— To do —
Repeat the listing that follows exactly, please.

— Records to process —

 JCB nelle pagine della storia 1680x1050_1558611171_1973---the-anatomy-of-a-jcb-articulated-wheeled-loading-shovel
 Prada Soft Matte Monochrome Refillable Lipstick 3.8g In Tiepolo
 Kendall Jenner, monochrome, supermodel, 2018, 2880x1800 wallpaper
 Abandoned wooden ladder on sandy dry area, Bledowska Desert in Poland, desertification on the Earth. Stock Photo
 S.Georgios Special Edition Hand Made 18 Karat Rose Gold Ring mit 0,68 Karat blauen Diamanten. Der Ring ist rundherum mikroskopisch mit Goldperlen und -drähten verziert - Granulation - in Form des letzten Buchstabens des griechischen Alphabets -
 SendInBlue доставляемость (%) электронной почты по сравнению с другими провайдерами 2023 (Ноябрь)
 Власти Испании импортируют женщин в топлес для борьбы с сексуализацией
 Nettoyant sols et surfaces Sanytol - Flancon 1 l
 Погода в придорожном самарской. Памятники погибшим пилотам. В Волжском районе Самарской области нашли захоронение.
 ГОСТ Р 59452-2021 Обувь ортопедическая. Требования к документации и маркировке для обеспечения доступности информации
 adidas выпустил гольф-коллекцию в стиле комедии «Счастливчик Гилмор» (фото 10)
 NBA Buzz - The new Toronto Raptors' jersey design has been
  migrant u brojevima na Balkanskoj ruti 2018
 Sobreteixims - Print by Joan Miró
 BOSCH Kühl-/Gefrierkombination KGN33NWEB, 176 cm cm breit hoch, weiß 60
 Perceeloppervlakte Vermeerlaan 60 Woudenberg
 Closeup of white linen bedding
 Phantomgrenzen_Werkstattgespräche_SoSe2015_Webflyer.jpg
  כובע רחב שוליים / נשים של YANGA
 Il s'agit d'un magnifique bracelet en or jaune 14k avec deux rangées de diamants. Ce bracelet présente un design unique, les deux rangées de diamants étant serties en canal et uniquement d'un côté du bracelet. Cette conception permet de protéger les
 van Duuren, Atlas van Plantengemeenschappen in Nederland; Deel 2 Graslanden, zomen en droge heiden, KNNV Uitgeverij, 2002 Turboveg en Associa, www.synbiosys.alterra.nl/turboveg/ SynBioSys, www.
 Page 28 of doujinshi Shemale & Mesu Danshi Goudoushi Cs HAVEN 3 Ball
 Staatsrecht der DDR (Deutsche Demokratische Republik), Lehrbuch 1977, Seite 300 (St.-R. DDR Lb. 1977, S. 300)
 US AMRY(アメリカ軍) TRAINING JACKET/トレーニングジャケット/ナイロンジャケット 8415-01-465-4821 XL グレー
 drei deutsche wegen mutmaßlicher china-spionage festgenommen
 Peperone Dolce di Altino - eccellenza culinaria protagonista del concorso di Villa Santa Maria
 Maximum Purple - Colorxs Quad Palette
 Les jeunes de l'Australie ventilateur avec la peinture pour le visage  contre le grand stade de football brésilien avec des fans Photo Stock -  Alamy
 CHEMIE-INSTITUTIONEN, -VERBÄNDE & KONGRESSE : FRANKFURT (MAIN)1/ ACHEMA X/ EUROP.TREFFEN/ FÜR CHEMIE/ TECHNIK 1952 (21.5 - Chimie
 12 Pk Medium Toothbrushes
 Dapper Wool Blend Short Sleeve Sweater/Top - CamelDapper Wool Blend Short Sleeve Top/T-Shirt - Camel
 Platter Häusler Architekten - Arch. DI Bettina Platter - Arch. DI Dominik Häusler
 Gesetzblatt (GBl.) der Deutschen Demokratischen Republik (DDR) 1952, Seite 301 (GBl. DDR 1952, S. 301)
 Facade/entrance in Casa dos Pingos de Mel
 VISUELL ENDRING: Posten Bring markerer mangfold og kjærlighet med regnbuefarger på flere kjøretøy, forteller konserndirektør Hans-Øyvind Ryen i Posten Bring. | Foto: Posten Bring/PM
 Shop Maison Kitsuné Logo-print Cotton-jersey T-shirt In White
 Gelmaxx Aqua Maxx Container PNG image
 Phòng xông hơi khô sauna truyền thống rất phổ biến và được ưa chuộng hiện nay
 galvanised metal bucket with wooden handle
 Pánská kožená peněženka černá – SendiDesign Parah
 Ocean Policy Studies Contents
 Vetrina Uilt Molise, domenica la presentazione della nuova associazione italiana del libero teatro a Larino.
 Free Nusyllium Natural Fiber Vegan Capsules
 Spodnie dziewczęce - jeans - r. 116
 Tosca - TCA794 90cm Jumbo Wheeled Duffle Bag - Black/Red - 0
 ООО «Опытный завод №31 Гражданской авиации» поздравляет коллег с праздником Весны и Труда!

— The answer —
 JCB nelle pagine della storia 1680x1050_1558611171_1973---the-anatomy-of-a-jcb-articulated-wheeled-loading-shovel
 Prada Soft Matte Monochrome Refillable Lipstick 3.8g In Tiepolo
 Kendall Jenner, monochrome, supermodel, 2018, 2880x1800 wallpaper
 Abandoned wooden ladder on sandy dry area, Bledowska Desert in Poland, desertification on the Earth. Stock Photo
 S.Georgios Special Edition Hand Made 18 Karat Rose Gold Ring mit 0,68 Karat blauen Diamanten. Der Ring ist rundherum mikroskopisch mit Goldperlen und -drähten verziert - Granulation - in Form des letzten Buchstabens des griechischen Alphabets -
 SendInBlue доставляемость (%) электронной почты по сравнению с другими провайдерами 2023 (Ноябрь)
 Власти Испании импортируют женщин в топлес для борьбы с сексуализацией
 Nettoyant sols et surfaces Sanytol - Flancon 1 l
 Погода в придорожном самарской. Памятники погибшим пилотам. В Волжском районе Самарской области нашли захоронение.
 ГОСТ Р 59452-2021 Обувь ортопедическая. Требования к документации и маркировке для обеспечения доступности информации
 adidas выпустил гольф-коллекцию в стиле комедии «Счастливчик Гилмор» (фото 10)
 NBA Buzz - The new Toronto Raptors' jersey design has been
  migrant u brojevima na Balkanskoj ruti 2018
 Sobreteixims - Print by Joan Miró
 BOSCH Kühl-/Gefrierkombination KGN33NWEB, 176 cm cm breit hoch, weiß 60
 Perceeloppervlakte Vermeerlaan 60 Woudenberg
 Closeup of white linen bedding
 Phantomgrenzen_Werkstattgespräche_SoSe2015_Webflyer.jpg
  כובע רחב שוליים / נשים של YANGA
 Il s'agit d'un magnifique bracelet en or jaune 14k avec deux rangées de diamants. Ce bracelet présente un design unique, les deux rangées de diamants étant serties en canal et uniquement d'un côté du bracelet. Cette conception permet de protéger les
 van Duuren, Atlas van Plantengemeenschappen in Nederland; Deel 2 Graslanden, zomen en droge heiden, KNNV Uitgeverij, 2002 Turboveg en Associa, www.synbiosys.alterra.nl/turboveg/ SynBioSys, www.
 Page 28 of doujinshi Shemale & Mesu Danshi Goudoushi Cs HAVEN 3 Ball
 Staatsrecht der DDR (Deutsche Demokratische Republik), Lehrbuch 1977, Seite 300 (St.-R. DDR Lb. 1977, S. 300)
 US AMRY(アメリカ軍) TRAINING JACKET/トレーニングジャケット/ナイロンジャケット 8415-01-465-4821 XL グレー
 drei deutsche wegen mutmaßlicher china-spionage festgenommen
 Peperone Dolce di Altino - eccellenza culinaria protagonista del concorso di Villa Santa Maria
 Maximum Purple - Colorxs Quad Palette
 Les jeunes de l'Australie ventilateur avec la peinture pour le visage  contre le grand stade de football brésilien avec des fans Photo Stock -  Alamy
 CHEMIE-INSTITUTIONEN, -VERBÄNDE & KONGRESSE : FRANKFURT (MAIN)1/ ACHEMA X/ EUROP.TREFFEN/ FÜR CHEMIE/ TECHNIK 1952 (21.5 - Chimie
 12 Pk Medium Toothbrushes
 Dapper Wool Blend Short Sleeve Sweater/Top - CamelDapper Wool Blend Short Sleeve Top/T-Shirt - Camel
 Platter Häusler Architekten - Arch. DI Bettina Platter - Arch. DI Dominik Häusler
 Gesetzblatt (GBl.) der Deutschen Demokratischen Republik (DDR) 1952, Seite 301 (GBl. DDR 1952, S. 301)
 Facade/entrance in Casa dos Pingos de Mel
 VISUELL ENDRING: Posten Bring markerer mangfold og kjærlighet med regnbuefarger på flere kjøretøy, forteller konserndirektør Hans-Øyvind Ryen i Posten Bring. | Foto: Posten Bring/PM
 Shop Maison Kitsuné Logo-print Cotton-jersey T-shirt In White
 Gelmaxx Aqua Maxx Container PNG image
 Phòng xông hơi khô sauna truyền thống rất phổ biến và được ưa chuộng hiện nay
 galvanised metal bucket with wooden handle
 Pánská kožená peněženka černá – SendiDesign Parah
 Ocean Policy Studies Contents
 Vetrina Uilt Molise, domenica la presentazione della nuova associazione italiana del libero teatro a Larino.
 Free Nusyllium Natural Fiber Vegan Capsules
 Spodnie dziewczęce - jeans - r. 116
 Tosca - TCA794 90cm Jumbo Wheeled Duffle Bag - Black/Red - 0
 ООО «Опытный завод №31 Гражданской авиации» поздравляет коллег с праздником Весны и Труда!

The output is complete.